David Boxall david.boxall at hunterlink.net.au
Thu Apr 16 16:18:54 AEST 2009


<http://www.smh.com.au/national/lost-in-the-blue-mountains-triple0-operator-uncaring-20090416-a84z.html?skin=text-only>
>
> The mother of a schoolboy who died after becoming lost while hiking in 
> the Blue Mountains cried as it was revealed that emergency phone 
> operators had been "uncaring" and failed to listen to her son as he 
> desperately pleaded for help, an inquest into his death has heard.
>
> The manager of the Sydney call centre of the Ambulance Service of NSW, 
> Superintendent Peter Payne, agreed that there had been serious 
> deficiencies in the way his centre had handled five of the emergency 
> calls made by David Iredale, 17, on December 11, 2006.
>
A young man gets lost in the bush, but he has a lifeline: a mobile phone 
and a working network connection. He makes at least seven calls to 
emergency services, but ends up dead. He should have had a good chance 
at survival. What went wrong?

> ... the call takers had been "fixated'' with receiving a street 
> address as it was required by their training.
The operatives couldn't think their way around the fact that there are 
no street signs in the bush. Sound bizarre? In my experience, it's 
inevitable.

My experience was in a large government department. Which department 
isn't relevant: they don't differ much - neither from each other nor 
from commercial operations. I've retired now so my knowledge is dated, 
but I doubt the situation has improved.

Call centre operatives typically get a database of scripted responses. 
They're trained to give no response that isn't in the system. If your 
problem doesn't match one of the available responses, you'll be given 
one of them anyway. Usually, the caller will hang up before realising 
that their question hasn't been answered. Sometimes, that realisation 
takes quite a while. But the operative has a completed call on their record.

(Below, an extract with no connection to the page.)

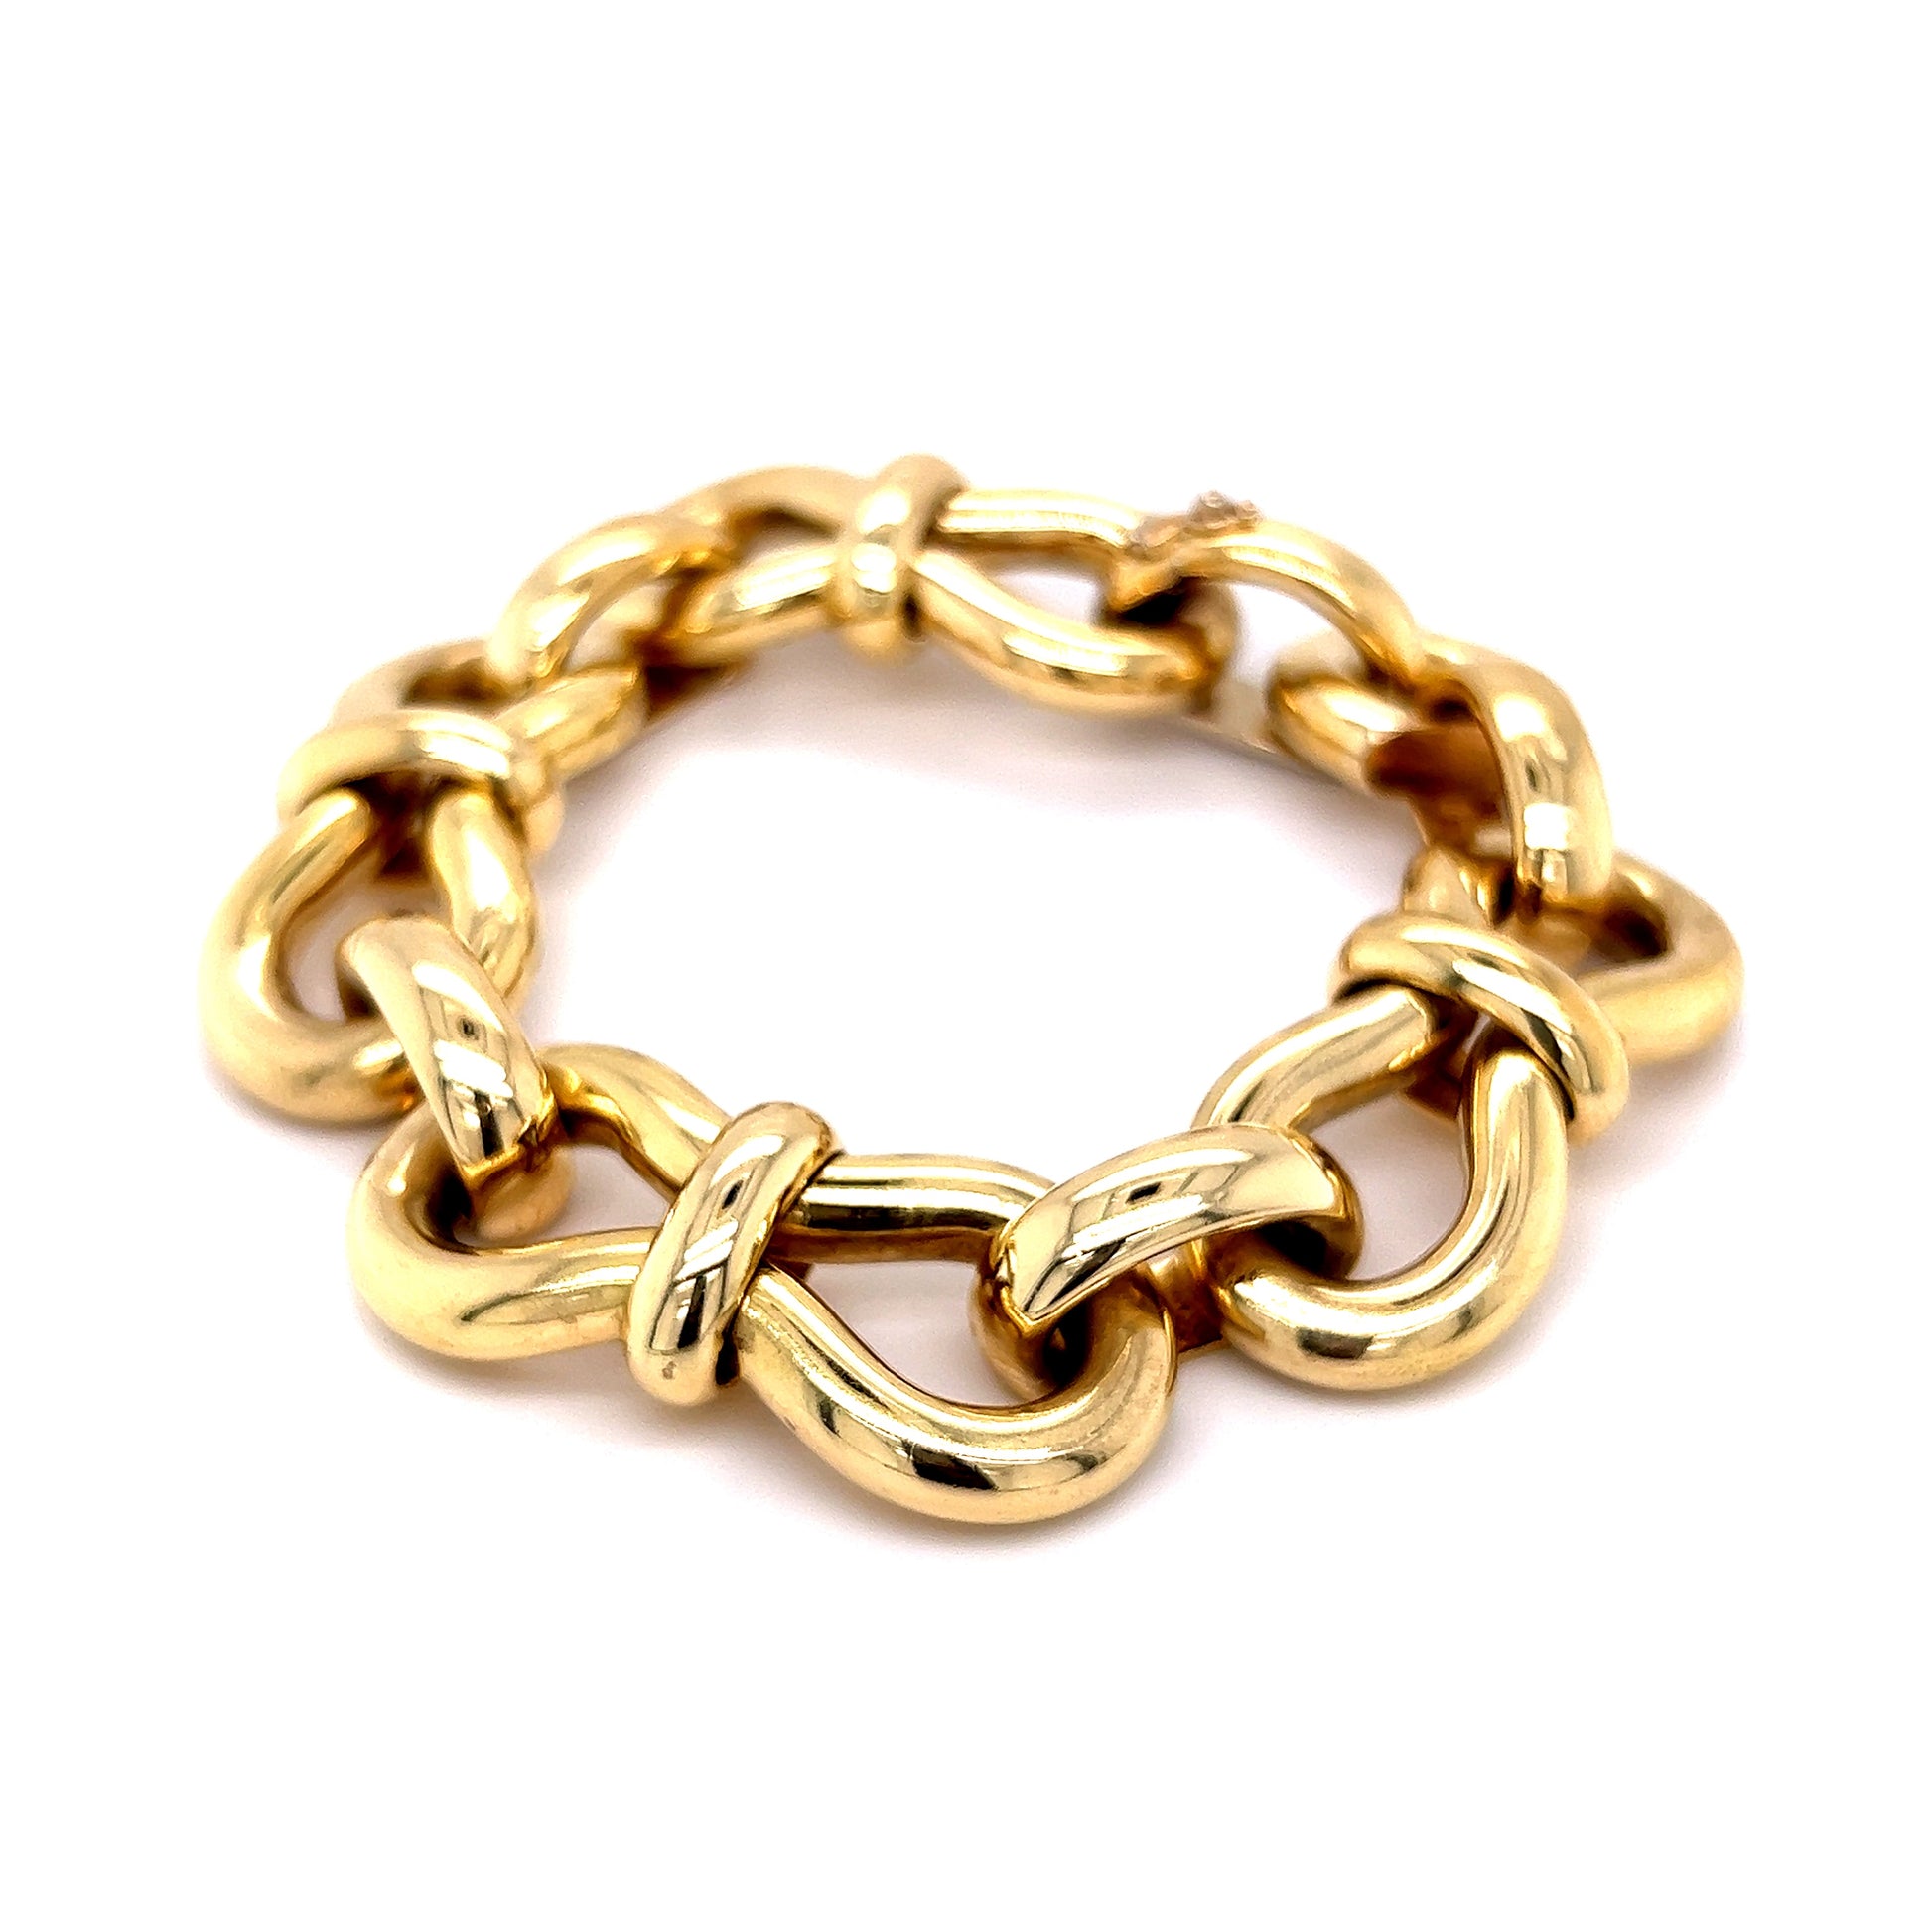 Mid-Century Chunky Link Bracelet in 18k Yellow GoldComposition: 18 Karat Yellow Gold Total Gram Weight: 51.63 g Inscription: 18KT ITALY ORSHEIM'S

An operative who's found to have given an answer that isn't in the 
system will be disciplined. If they're casual, they may find that they 
get fewer hours or none at all.

It acts like a winnowing process. The outcome is a distilled essence: 
operatives who can't think for themselves, have learned not to or can't 
be bothered.

Systems like that aren't limited to telephone call centres. Similar 
processes are used with correspondence and (when they bother to answer 
at all) email. Ever wondered why letters from government departments 
seem to be mostly irrelevant boilerplate text? What intrigued me was 
that, as quality of service degraded, the statistics employed by 
management to measure performance soared.

To my mind, the executives responsible for implementing such a 
commercial-grade system in an emergency services context should be held 
criminally liable. I reckon it's more likely that the operatives, who 
are just products of the system, will be held to account.

For those who don't know the story, there's more here: 
<http://www.smh.com.au/national/teen-made-many-desperate-pleas-but-no-one-came-20090414-a69m.html?page=-1>.

There's an opportunity here to come up with a system that works.
 
-- 
David Boxall                    |  In a hierarchical organization,
                                |  the higher the level,
                                |  the greater the confusion.
                                |                     --Dow's Law.